Solve $x^2-y^2=2xyz$ 
Find all the integer solutions of
  $$x^2-y^2=2xyz.$$

I tried to factorise it, but I failed. Somebody help me.
 A: With $q=\dfrac xy$,
$$q^2-2zq-1=0.$$ 
The discriminant $z^2+1$ is never a perfect square so that $q$ is irrational except for the case $\color{green}{z=0}$ implying $\color{green}{x^2=y^2}$, to which we need to add the case of $y=0$, that is $\color{green}{x=y=0}$ ($z$ free).

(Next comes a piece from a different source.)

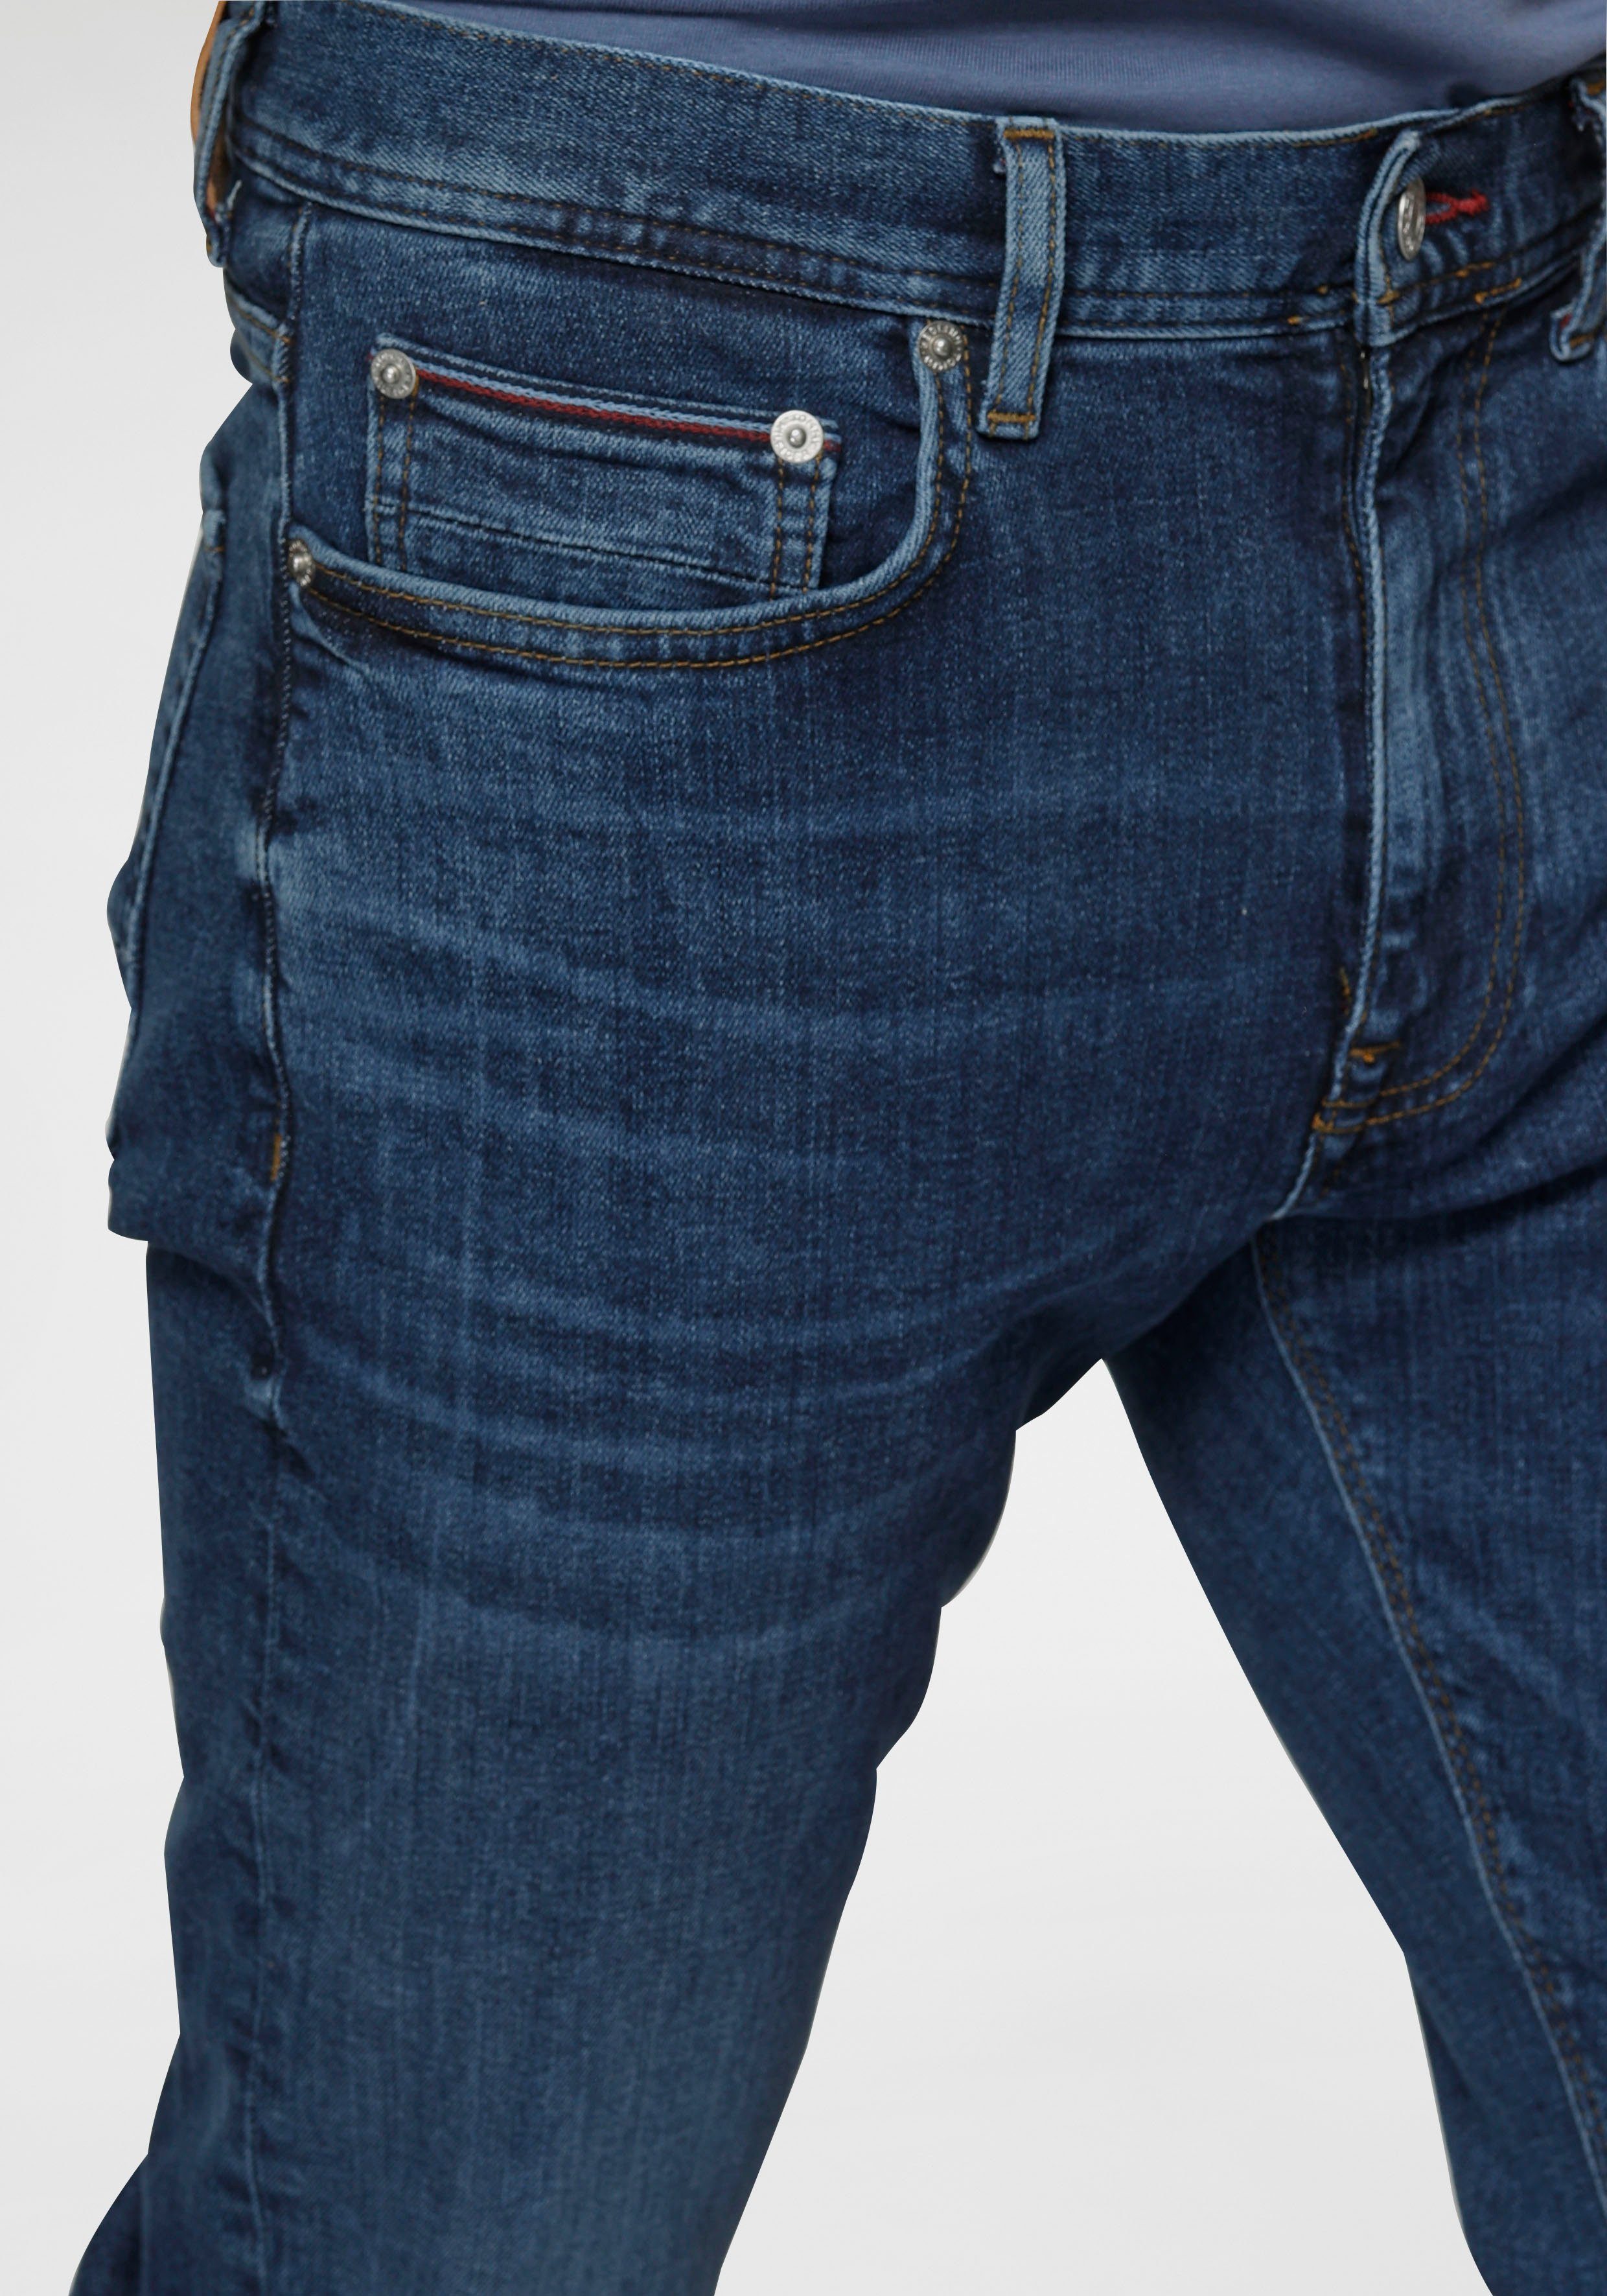 Tommy Hilfiger Slim-fit-Jeans extra Bleecker Baumwoll-Denim indigo oregon mit Stretch, bequem

A: Well you can always look at the equation as a polynomial of $x$:
$$x^2 - 2yzx - y^2=0$$
Now 
$$\Delta=4y^2z^2+4y^2=4y^2(z^2+1)$$
And finally
$$x_1=\frac{2yz-\sqrt{\Delta}}{2}=\frac{2yz-2y\sqrt{z^2+1}}{2}=yz-y\sqrt{z^2+1}$$
Analogously
$$x_2=yz+y\sqrt{z^2+1}$$
Now obviously we can pick $y$ arbitrarly and all we need is to either ensure that $\sqrt{z^2+1}$ is an integer or pick $y=0$. For the first case this can only be true for $z=0$ (I leave it as an exercise). For the second case we obtain solutions $x=y=0$ with $z$ arbitrary.
Thus only possible integer solutions are: ($x=\pm y$, $z=0$) and ($x=y=0$, $z$ arbitrary).
A: If $x=0$ or $y=0$ then the only solutions are $(0,0,b)$.
Otherwise, we may assume that $x$ and $y$ are relatively prime.
But then $x \mid y^2$ and $y \mid x^2$ imply $x=\pm 1$ and $y=\pm 1$ and so $z=0$.
Therefore, the only solutions are $(a,\pm a,0)$.
A: Well, $$x^2-y^2=2xyz $$ $$\Rightarrow x^2-2xyz-y^2=0$$ $$x = \frac {2yz \pm \sqrt {4y^2zz^2+4y^2}}{2} $$ $$\Rightarrow x = y (z \pm \sqrt {z^2+1}) $$
We can easily see that a trivial integer solution is $$(0,0,z) \,\, \forall z \in \mathbb Z $$ Since, for $x,y,z \in \mathbb Z $, the only integer $z$ for which $z^2+1$ will be a perfect square is zero, the other integer solutions are $$(a, \pm a,0) $$
Consider the case when $x,y,z \neq 0$. Then we have, $$x^2-y^2 =2xyz \Leftrightarrow \frac {x}{y}- \frac {y}{x} = 2z $$ Now when $x $ and $y $ are not equal as well as non-zero atleast one of the terms in the LHS is not an integer (why?) but the RHS is an integer (remember the condition?). So, this case yields no solution. 
Hope it helps.